I like the hybrid approach, but there is a big detail not taken into account: restrictions placed by the site itself. Most places will require a slew of different requisites for their passwords, from a minimum to a maximum length (or both), whether you can have caps, symbols and how many and which symbols are permitted.
It is impossible to conceive of a sane, logical approach to password management while limited by these arbitrary parameters.
So it’s “pA$$w0rdoo1” for all my sites for me.
Ted, thanks so much for the input. Guy, thank you for bringing up the regular-password-changing requirement. My advice on how to deal with that is to suggest you have the security people listen to the Techknow podcast by Chester and Paul (mentioned in my article). The idea, Chet tells us, that regular password changes introduce more security is a myth that dates back to the days when passwords were stored in plain text files on Unix systems. Regular password changes actually decrease security, for a few reasons: 1) the poor users are going to start using sucky passwords because they're easy to remember and to increment (password12, password13, etc.–is it any wonder people opt for these easily predictable passwords?), and 2) doing something security-related on a regular, predictable schedule (quarterly? monthly)? is a gift to hackers. Plus it distracts the IT department for a predictable chunk of time on a predictable schedule.
I highly suggest you listen to the podcast, as P&C have other great password myth debunking tips, and I am just feebly rehashing what I remember (no pun intended, heh. heh.).
Has anyone studied the effect of inserting numbers and special characters in the middle of pass phrases?
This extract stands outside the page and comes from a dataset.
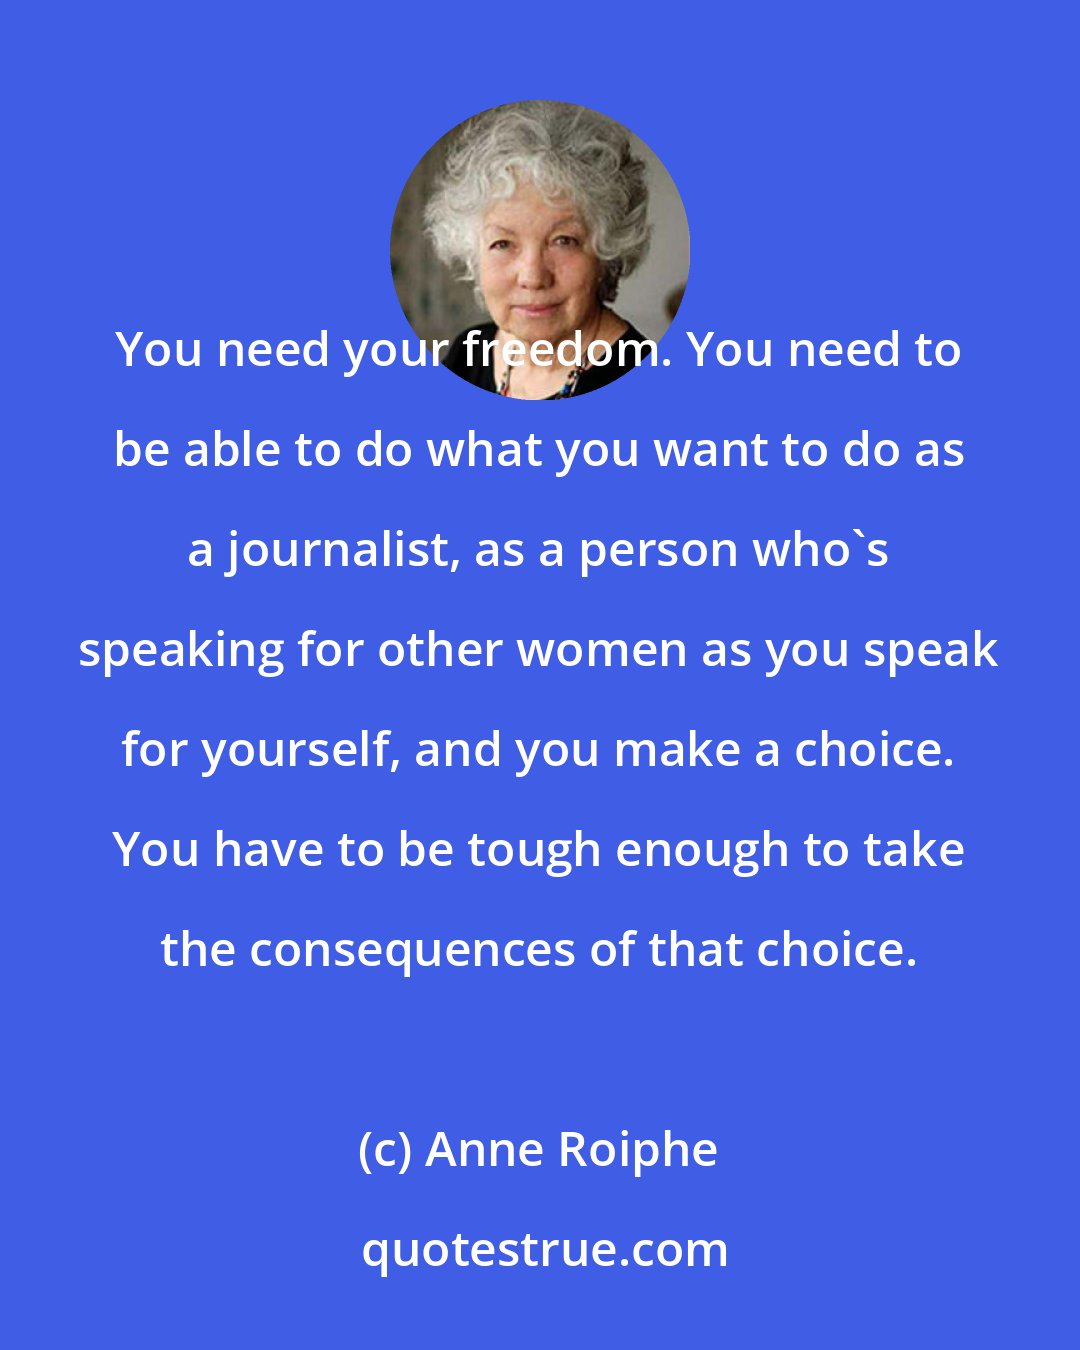 Anne Roiphe: You need your freedom. You need to be able to do what you want to do as a journalist, as a person who's speaking for other women as you speak for yourself, and you make a choice. You have to be tough enough to take the consequences of that choice.

See spot run see spot jump = ssR7$@ssJ8@$
I'd like to know how long it would take to crack that with a dictionary attack.
Suggesting to the BOFH that he has configured the system wrong isn't always going to end well 😉
Unfortunately most of the problem is not the people who worry about the level of entropy in their passwords. The problem is everyone else. Most of the responsibility here is with the systems designers that permit their users to use bad passwords. Hopefully the outcome of research like this is that trending phrases are added to filters for password selection so that when a user puts "AngelinaJoliesleg" in as a password thinking that they are brilliant and random and unique the system will let them know it is a bad password and they should try a different method of deciding a password.
I think the first step is to change the terminology from password to pass phrase, that way people are more likely to use longer passwords. As pass phrases get longer it seems reasonable that they would become more divergent.
No-one seems to be looking at this from the perspective of the average user. I'm an ordinary soul who uses the Internet for shopping, email and banking. I recently worked out that I have over 50 online and telephone banking accounts – all of which require a password.
Honestly, in the real world, what is an ordinary person supposed to do to remember 50 passwords? They will do what everyone does – have two or three passwords and swap them round. That's all you can honestly expect someone to do.
What you folks do works brilliantly in one user application. But no-one ever seems to discuss what this means in a multi-account world. And we have engineered ourselves into a world driven by passwords that no ordinary human has any hope of remembering.
Password management software is your friend. Watch the video and deals with this very question.
This discussion seems pointless to me. Password management software is free and secure. I use KeePass2, and I used AnyPassword before that, going back a decade. I have over 100 passwords, they are all different, I didn't have to think of them (pseudo-random password creation is provided as well), they all have as high a level of security as the application permits, and I don't remember any of them. Just the one to open the password store, which is quite tough – and unless my PC is stolen there's no opportunity for that to be attacked.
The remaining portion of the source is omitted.